Backdoor Roth for married couples
If you are married filing jointly, both spouses can do a backdoor Roth IRA, each contributing $7,000 per year. That is $14,000 per year into Roth accounts for the household.
Even if one spouse does not work (no earned income), the working spouse’s income counts for both. This is called a “spousal IRA.” The non-working spouse opens their own Traditional IRA, contributes $7,000, and converts to their own Roth IRA.
Important for the pro rata rule: The pro rata rule is calculated separately for each spouse. If your spouse has a pre-tax Traditional IRA but you do not, your backdoor Roth is clean even if theirs is not. Each spouse’s IRA accounts are treated independently.
Frequently asked questions
Is the backdoor Roth IRA legal? Yes. There is no law against contributing to a Traditional IRA and converting to a Roth IRA. The IRS, Congress, and tax professionals all acknowledge this strategy. It has been in use since 2010 with no legal challenges.
What if Congress eliminates the backdoor Roth? Legislation to eliminate it was proposed in 2021 (Build Back Better Act) but did not pass. If it is eliminated in the future, money already in your Roth IRA stays there. You would just stop doing the backdoor conversion going forward. This is a reason to do it now while it is available.
Can I do a backdoor Roth if I have a 401(k)? Yes. Having a 401(k) does not affect your ability to do a backdoor Roth IRA. In fact, having a 401(k) is what usually prevents you from deducting Traditional IRA contributions (at high incomes), which is what makes the backdoor necessary in the first place.
How long do I have to wait between contribution and conversion? There is no legally required waiting period. Some people convert the same day. Others wait a day or two for the contribution to settle.

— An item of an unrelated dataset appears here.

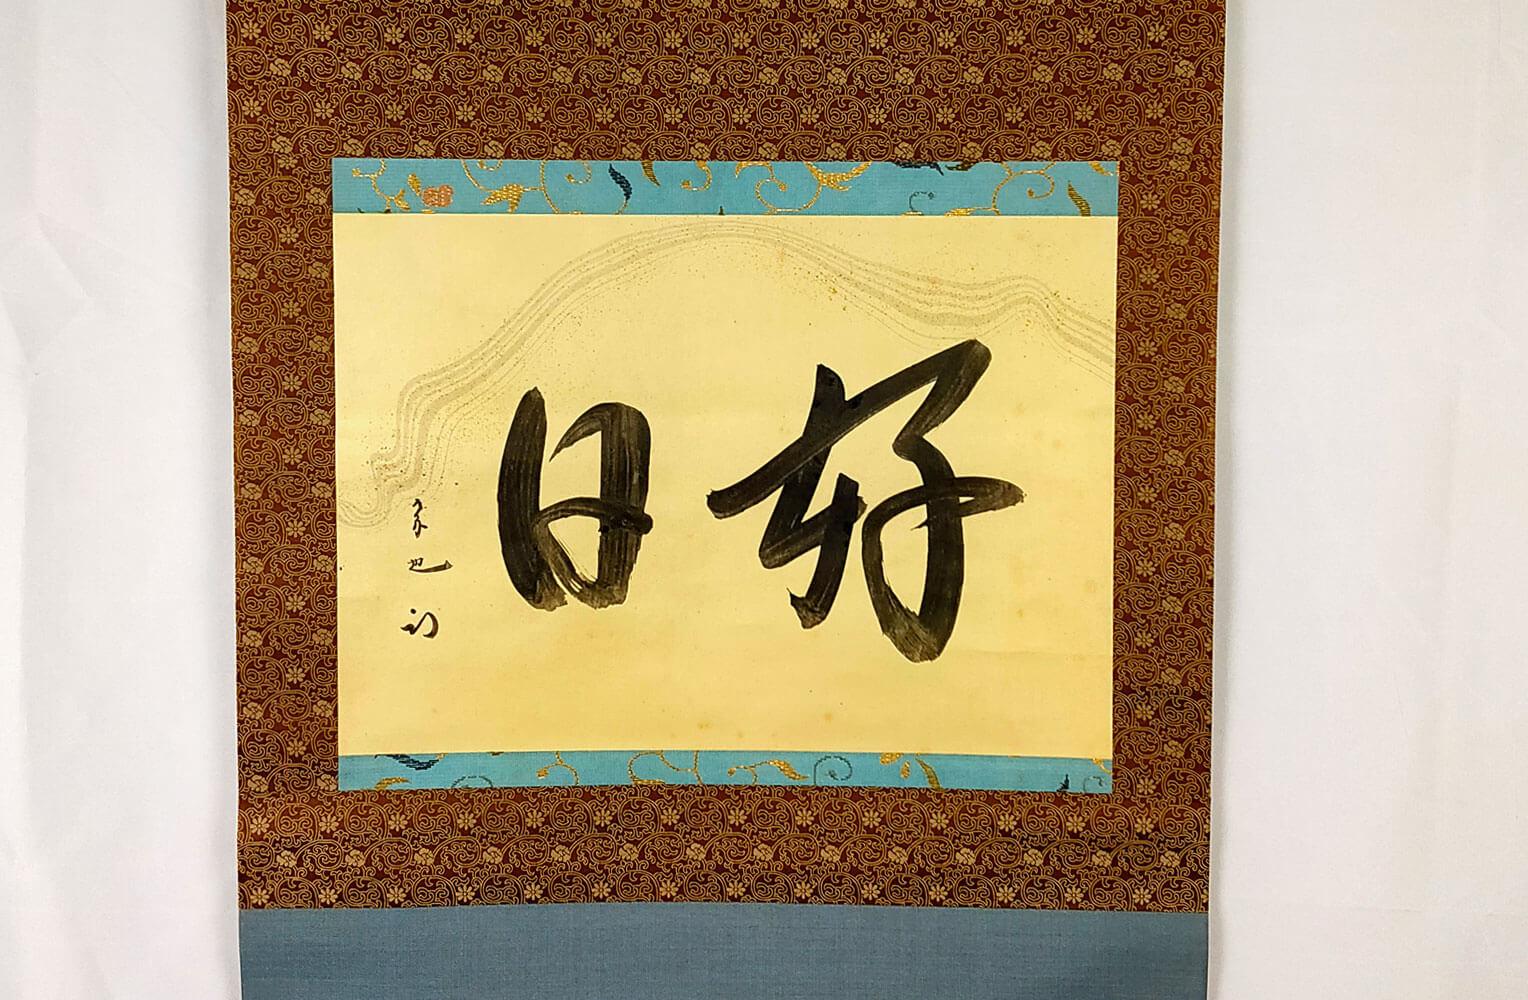 久田宗也 懐紙 『好日』掛け軸

The IRS has not established a minimum waiting period, and the “step transaction doctrine” concern has not been applied to backdoor Roth conversions in practice. That said, many tax professionals suggest waiting a few business days for extra caution.
Can I do the backdoor Roth at any age? You need earned income to contribute to an IRA. If you (or your spouse) have earned income, there is no age limit. The previous age limit of 70.5 for Traditional IRA contributions was removed by the SECURE Act in 2019.

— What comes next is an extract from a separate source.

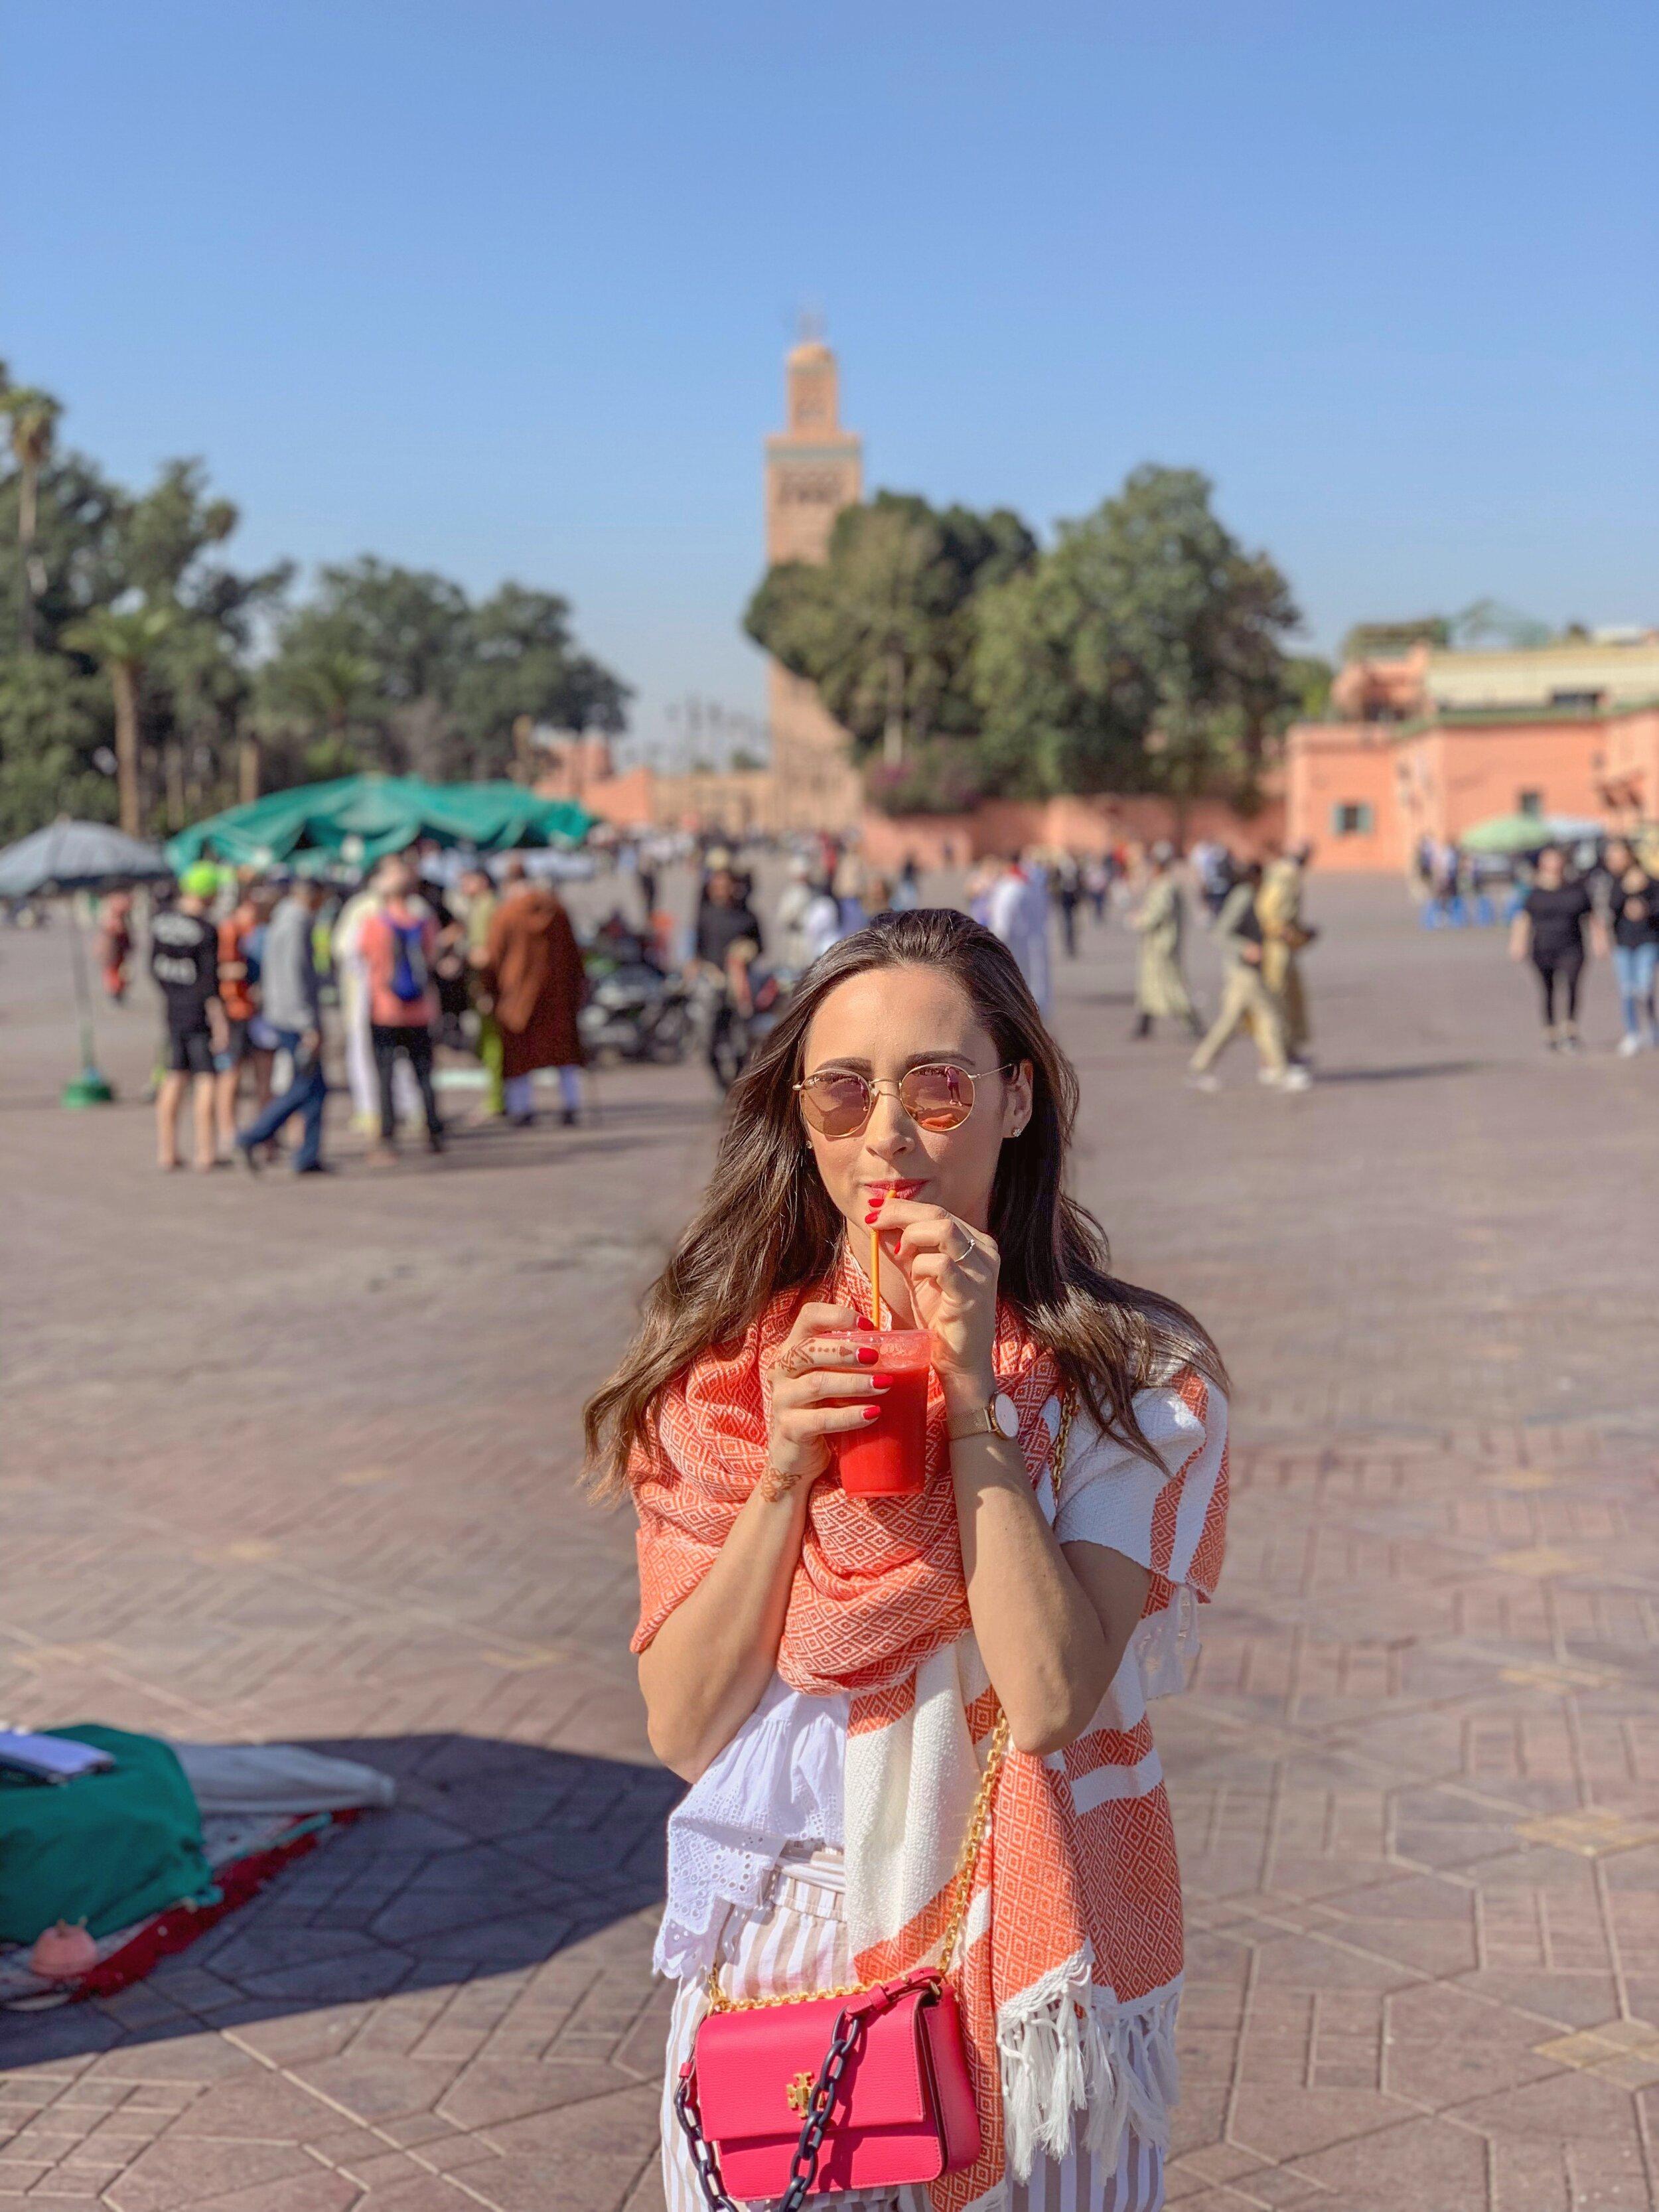 Jemma el-Fnaa in Marrakech, Morocco

I earn $150,000. Do I need the backdoor? Check the current year’s Roth IRA income limits. For 2026, if your MAGI is under $150,000 (single) you can contribute the full amount directly. Between $150,000 and $161,000 there is a partial contribution allowed. Above $161,000, you need the backdoor. If you are close to the limit and might go over, doing the backdoor preemptively is simpler than calculating partial contributions.

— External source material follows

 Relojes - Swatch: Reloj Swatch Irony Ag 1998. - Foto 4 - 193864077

What about state taxes? Most states follow the federal treatment of Roth conversions. If your conversion is tax-free federally (because it was all after-tax money), it is tax-free in most states. A few states have quirks. Check with your state’s tax rules if you live in a state with income tax.
The bottom line
The backdoor Roth IRA is one of the most powerful tools available to high earners for building tax-free retirement wealth. The process is simple: contribute to a Traditional IRA, convert to Roth, file Form 8606. Fifteen minutes of work each January puts $7,000 per year into an account that will never be taxed again.
The only real complication is the pro rata rule. If you have pre-tax money in a Traditional IRA, roll it into your 401(k) before doing the backdoor. If your Traditional IRA is empty, the process is clean and straightforward.
Start this January. Set a calendar reminder. Do it every year. At 7% growth, 25 years of backdoor Roth contributions grows to roughly $475,000 of completely tax-free money. That is money the IRS will never touch, and it started with 30 minutes of effort per year.